The RTC on the 101 board has to be set when you power it up. You do this by using the setTime() function. You pass setTime() 6 parameters in order of hour, minute, seconds, month, day, year. If your 101 board loses power for some reason, you will have to reset it using this function.

sprintf(dateTime, " %2d/%2d/%4d ", month(), day(), year()); sprintf() is a string-building function. It is a simple way to build strings by taking data and placing them in a character array, which in Arduino is basically a string. The funny %2d and %4d things are where the data is inserted with the number of digits specified, so %4d is 4 digits. Finally you pass the data you want to insert into the string as parameters.
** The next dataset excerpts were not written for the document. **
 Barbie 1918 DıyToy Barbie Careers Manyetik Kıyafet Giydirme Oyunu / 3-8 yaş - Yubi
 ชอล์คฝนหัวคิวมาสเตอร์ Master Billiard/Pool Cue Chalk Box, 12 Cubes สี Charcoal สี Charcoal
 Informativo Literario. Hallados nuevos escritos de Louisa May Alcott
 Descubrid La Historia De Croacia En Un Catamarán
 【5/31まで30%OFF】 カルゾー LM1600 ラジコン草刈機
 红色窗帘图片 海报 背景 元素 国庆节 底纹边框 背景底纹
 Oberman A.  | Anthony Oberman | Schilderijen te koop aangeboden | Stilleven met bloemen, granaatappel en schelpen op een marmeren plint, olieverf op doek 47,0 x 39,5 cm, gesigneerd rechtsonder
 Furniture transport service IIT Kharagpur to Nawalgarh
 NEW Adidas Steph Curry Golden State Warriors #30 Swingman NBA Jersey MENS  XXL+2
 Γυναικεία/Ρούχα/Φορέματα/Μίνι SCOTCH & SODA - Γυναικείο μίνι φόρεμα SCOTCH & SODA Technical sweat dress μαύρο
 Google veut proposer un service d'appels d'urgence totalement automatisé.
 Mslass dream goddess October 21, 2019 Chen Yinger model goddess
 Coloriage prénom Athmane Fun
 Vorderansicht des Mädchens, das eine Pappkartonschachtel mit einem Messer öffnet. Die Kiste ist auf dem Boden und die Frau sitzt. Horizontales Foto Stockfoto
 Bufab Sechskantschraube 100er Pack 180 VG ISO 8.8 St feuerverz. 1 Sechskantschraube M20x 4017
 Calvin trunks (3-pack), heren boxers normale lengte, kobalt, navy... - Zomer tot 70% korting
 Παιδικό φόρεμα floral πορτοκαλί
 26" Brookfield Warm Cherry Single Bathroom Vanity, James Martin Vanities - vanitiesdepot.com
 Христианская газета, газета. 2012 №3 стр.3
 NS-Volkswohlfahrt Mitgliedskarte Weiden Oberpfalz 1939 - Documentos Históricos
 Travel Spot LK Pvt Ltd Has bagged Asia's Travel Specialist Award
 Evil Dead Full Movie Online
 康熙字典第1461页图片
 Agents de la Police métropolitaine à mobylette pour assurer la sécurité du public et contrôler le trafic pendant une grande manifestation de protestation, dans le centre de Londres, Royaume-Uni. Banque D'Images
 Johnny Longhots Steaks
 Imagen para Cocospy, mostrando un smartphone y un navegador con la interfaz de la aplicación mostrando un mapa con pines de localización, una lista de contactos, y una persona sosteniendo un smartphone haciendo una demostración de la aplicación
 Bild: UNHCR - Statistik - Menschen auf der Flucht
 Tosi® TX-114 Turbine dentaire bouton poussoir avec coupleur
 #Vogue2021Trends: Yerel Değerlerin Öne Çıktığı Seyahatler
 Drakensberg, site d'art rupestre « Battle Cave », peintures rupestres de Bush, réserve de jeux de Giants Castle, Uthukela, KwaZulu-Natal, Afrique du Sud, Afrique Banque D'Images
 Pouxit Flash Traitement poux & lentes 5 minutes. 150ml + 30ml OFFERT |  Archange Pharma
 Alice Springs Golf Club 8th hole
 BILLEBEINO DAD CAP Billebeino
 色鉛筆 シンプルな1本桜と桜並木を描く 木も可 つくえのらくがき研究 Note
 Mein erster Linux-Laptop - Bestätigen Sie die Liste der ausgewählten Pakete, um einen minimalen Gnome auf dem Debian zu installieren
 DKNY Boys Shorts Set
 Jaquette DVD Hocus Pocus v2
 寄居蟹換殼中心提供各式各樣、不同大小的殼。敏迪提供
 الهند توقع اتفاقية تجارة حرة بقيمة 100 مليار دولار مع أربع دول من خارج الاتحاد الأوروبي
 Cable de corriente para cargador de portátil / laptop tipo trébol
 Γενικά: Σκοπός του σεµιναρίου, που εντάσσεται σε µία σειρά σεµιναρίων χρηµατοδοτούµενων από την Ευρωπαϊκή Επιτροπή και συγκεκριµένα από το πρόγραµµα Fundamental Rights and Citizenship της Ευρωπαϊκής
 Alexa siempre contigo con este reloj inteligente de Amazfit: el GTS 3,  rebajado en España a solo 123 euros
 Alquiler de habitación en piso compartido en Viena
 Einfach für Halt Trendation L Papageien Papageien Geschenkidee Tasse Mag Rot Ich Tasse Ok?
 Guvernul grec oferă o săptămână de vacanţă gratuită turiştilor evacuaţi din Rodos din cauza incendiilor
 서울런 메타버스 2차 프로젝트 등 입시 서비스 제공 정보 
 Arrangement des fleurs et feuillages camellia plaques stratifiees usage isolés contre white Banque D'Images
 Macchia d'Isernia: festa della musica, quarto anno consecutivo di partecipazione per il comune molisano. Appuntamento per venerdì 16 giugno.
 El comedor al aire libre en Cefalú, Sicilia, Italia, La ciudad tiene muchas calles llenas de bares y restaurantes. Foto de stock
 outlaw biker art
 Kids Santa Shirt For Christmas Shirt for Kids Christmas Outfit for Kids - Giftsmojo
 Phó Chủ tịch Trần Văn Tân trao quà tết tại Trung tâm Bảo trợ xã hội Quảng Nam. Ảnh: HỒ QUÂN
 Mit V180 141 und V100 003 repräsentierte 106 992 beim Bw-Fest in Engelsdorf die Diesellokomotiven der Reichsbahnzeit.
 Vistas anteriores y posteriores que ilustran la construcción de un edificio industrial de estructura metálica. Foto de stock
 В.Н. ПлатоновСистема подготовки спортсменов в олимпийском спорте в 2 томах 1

In this case month(), day(), and year().

What You Should See

Once the code is completely uploaded you should see two lines of text show up on your LCD screen. The first line should be the date (which should only change once a day), and the second line should be the current time, which you should see actively counting up. If not, see the Troubleshooting section below.

alt text

Troubleshooting

The Screen is Blank or Completely Lit

Fiddle with the contrast by twisting the potentiometer. If it’s incorrectly adjusted, you won’t be able to read the text.

Not Working At All

Double check the code, specifically that you included the LCD library.

Not Displaying Correct Time

Double check your code. You probably have to update the setTime() function.